Engineered wooden flooring: play with the patterns

Choosing the right kind of flooring is a hard decision as floors aren’t something you change according to your mood or whenever there’s a new interior design trend.

Flooring, especially if you opt for wood flooring, is a once in a lifetime decision. Changing it isn’t only expensive, but also a challenging home renovation that includes having to move everything out of a room.

As well as seeking out the right colour, pattern or shade, it’s worth bearing in mind that different patterns on the floor can have a special visual impact on your living space. Wide planks offer an expansive and contemporary look, whilst chevron or dutch patterns add charm, resembling the intricate parquet designs of old.

With engineered wood flooring today, you can play with the patterns.

One, two or three-strip pattern

Engineered wood flooring is made with a real layer of wood on top and manufactured into convenient equally sized planks. The basic way to lay them is in a traditional floorboard pattern.

The 1-strip pattern gives a simple and pleasing feel to your home. It works well at achieving a rustic ambience, but it can also enhance a contemporary house.

One strip pattern gives an expansive wood feel

2-strip or 3-strip patterns, invite more colours and shades on the boards which can add playfulness to your space, adding warmth and depth. 3-strip patterns in engineered flooring can also be varied in tone, often having the pattern of a parquet but with the possibility of different shades.

3-strip pattern: the game of shades

Chevron and Herringbone pattern

You have no doubt seen chevron and herringbone patterns on practically everything these days from food labels to bedsheets. The zigzag formation is an eye-catching one, always interesting to look at.

With a rather interesting history, herringbone originated during the Roman Empire; it was a construction method for laying roads. The design later found its way into architecture (during the Italian Renaissance), textiles and flooring.

In western Europe, a lot of castles, Versaille included, had parquet flooring with a chevron or herringbone pattern.

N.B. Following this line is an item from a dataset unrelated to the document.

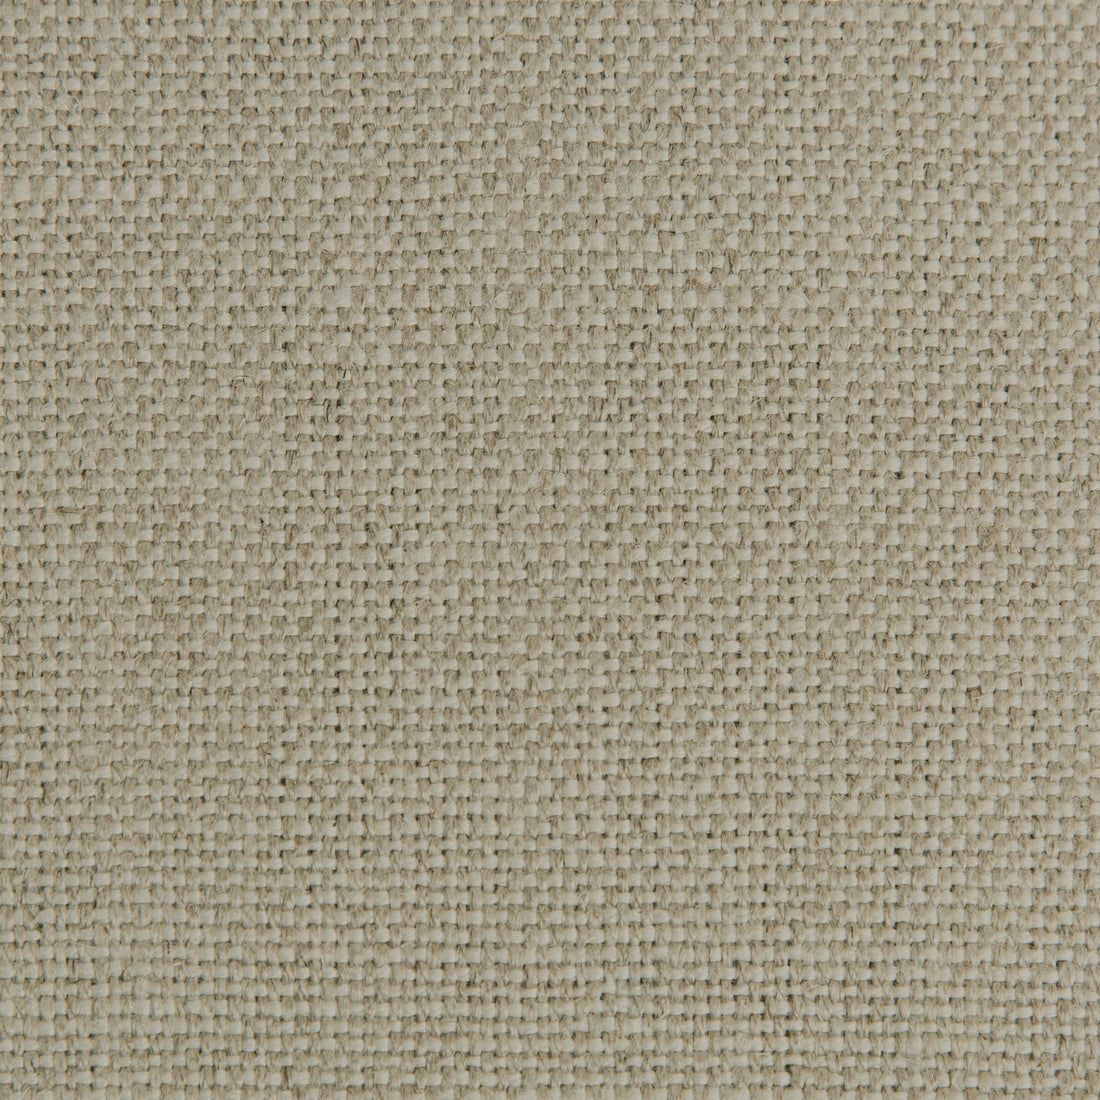 Deia Linen fabric in sand color - pattern 35071.161.0 - by Kravet Design in the Alexa Hampton Mallorca collection
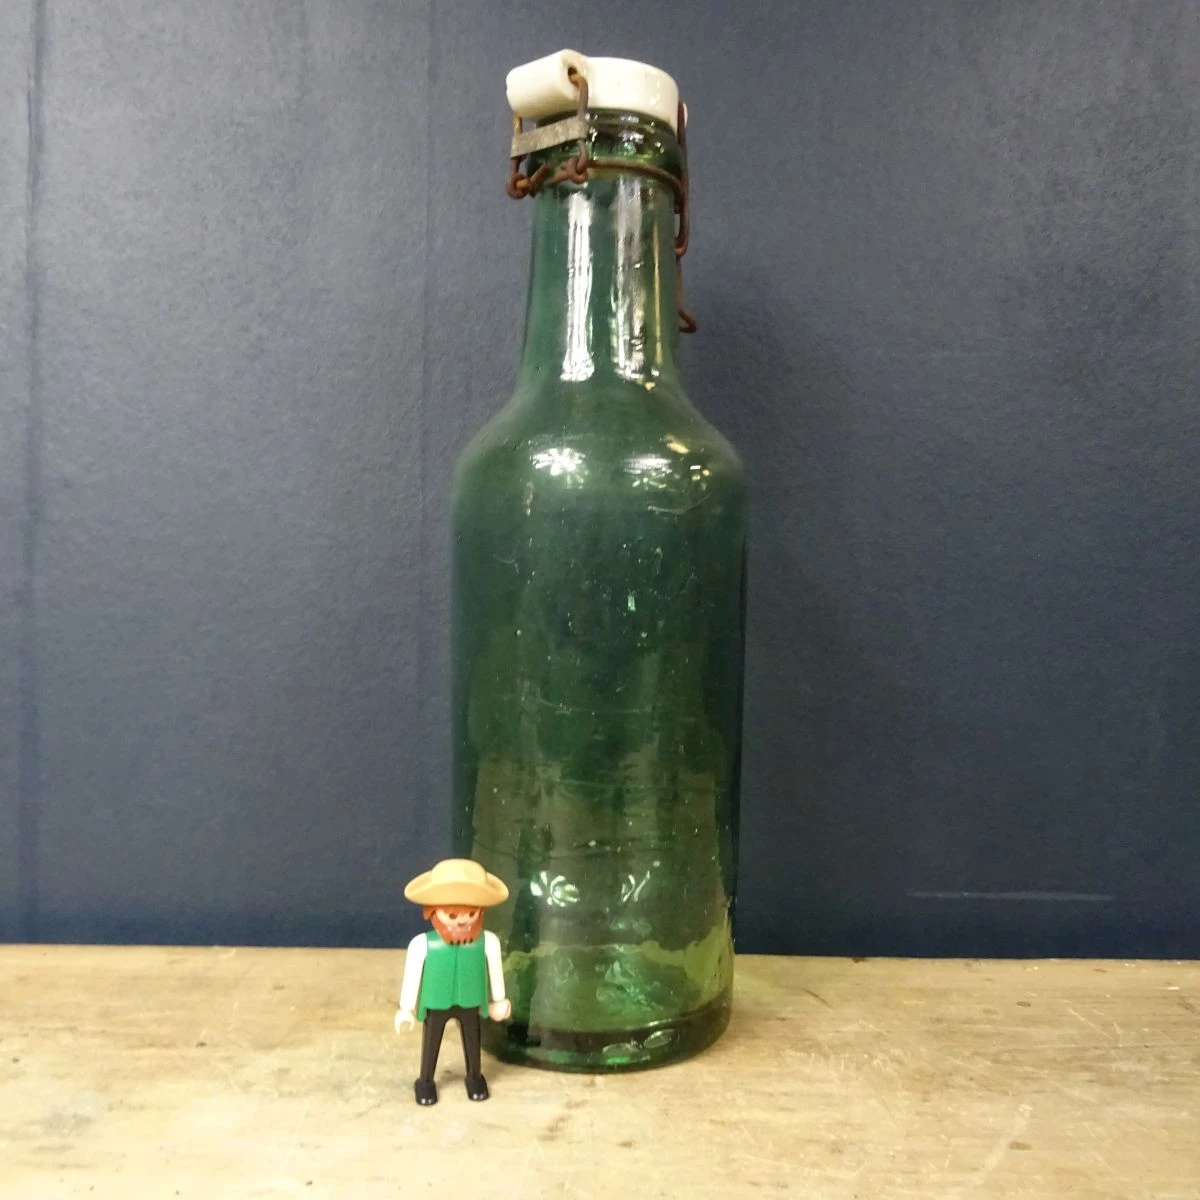 Petite bouteille en verre vert

Today, you can find this kind of flooring in older apartments or in hip new places as the design has made a comeback.

It’s worth noting that wood tends to go with everything and especially if you are after that industrial/retro vibe in your space, where chevron or herringbone makes for a perfect finishing touch.

What’s the difference between the two?

Although the herringbone pattern is very similar to chevron, there’s a small difference. Chevron pattern has boards that meet at 45 degrees creating diagonal zigzags along one axis. Herringbone is a bit different, and the planks are rectangles laid to look like a fishbone.

The playful shape that makes flooring interesting

Dutch pattern

Dutch pattern originates from the Netherlands, as you might have guessed. It consists of three strips of wood laid vertically with one laid horizontal. It’s perhaps not as popular as the chevron/herringbone pattern, but it gives a space a more unique look. Usually, the wood laid down in this kind of pattern is natural in colour.

Dutch pattern usually goes with natural wood

When choosing wood for your floor, you can’t really go wrong – and engineered wood has the advantage of being less expensive than hardwood and is very hardwearing, better able to cope with temperature fluctuations in fact. You also can’t tell them apart to look at. Today you have the option of many different shades and patterns. Choose a classic wooden floor and it will never really go out of style.